- [Task to complete]
What you need to produce from the material below is an exact transcription of the lines from the one with "outcome compared to" through the one with "subgame-perfect equilibrium of", both included, and no other line.

- [Exercise inputs]

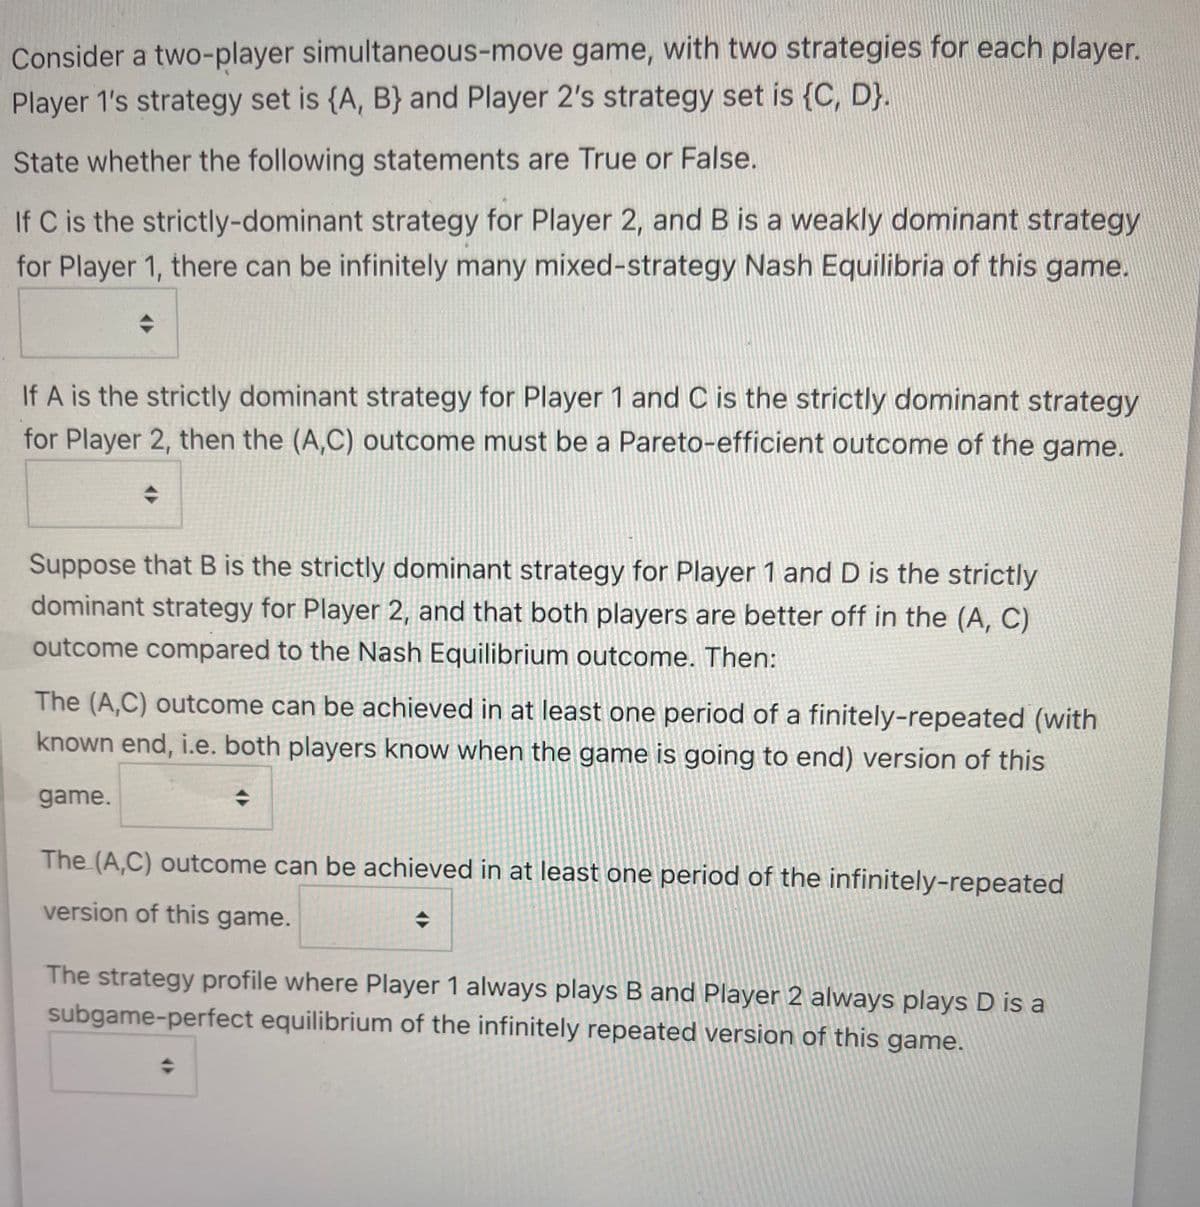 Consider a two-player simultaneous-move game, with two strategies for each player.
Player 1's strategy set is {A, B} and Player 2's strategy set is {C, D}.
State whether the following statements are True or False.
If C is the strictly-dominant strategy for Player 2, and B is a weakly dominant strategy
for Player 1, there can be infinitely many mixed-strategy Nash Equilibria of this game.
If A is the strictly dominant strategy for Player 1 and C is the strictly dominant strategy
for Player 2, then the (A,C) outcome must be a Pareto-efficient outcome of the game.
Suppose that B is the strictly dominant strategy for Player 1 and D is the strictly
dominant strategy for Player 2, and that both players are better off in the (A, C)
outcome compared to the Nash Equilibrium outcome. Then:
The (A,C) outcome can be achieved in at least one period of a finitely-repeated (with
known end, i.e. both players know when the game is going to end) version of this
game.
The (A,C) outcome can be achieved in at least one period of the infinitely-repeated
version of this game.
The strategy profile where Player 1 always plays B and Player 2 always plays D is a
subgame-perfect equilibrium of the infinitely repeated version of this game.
--
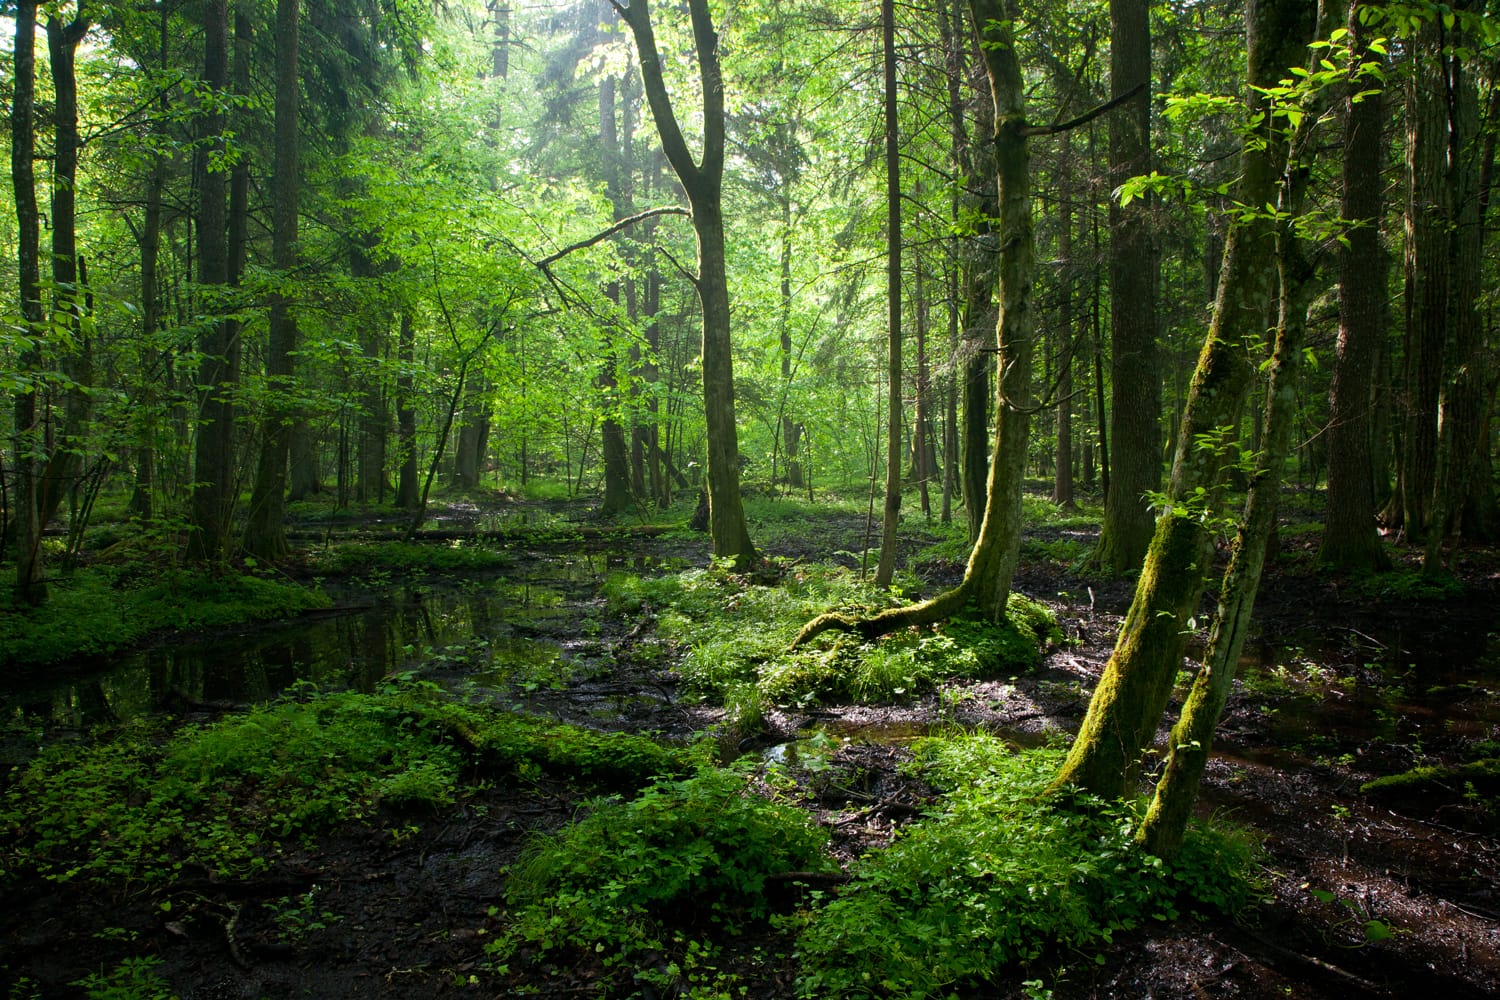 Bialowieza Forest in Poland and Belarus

- [Answer to this task]
outcome compared to the Nash Equilibrium outcome. Then:
The (A,C) outcome can be achieved in at least one period of a finitely-repeated (with
known end, i.e. both players know when the game is going to end) version of this
game.
The (A,C) outcome can be achieved in at least one period of the infinitely-repeated
version of this game.
The strategy profile where Player 1 always plays B and Player 2 always plays D is a
subgame-perfect equilibrium of the infinitely repeated version of this game.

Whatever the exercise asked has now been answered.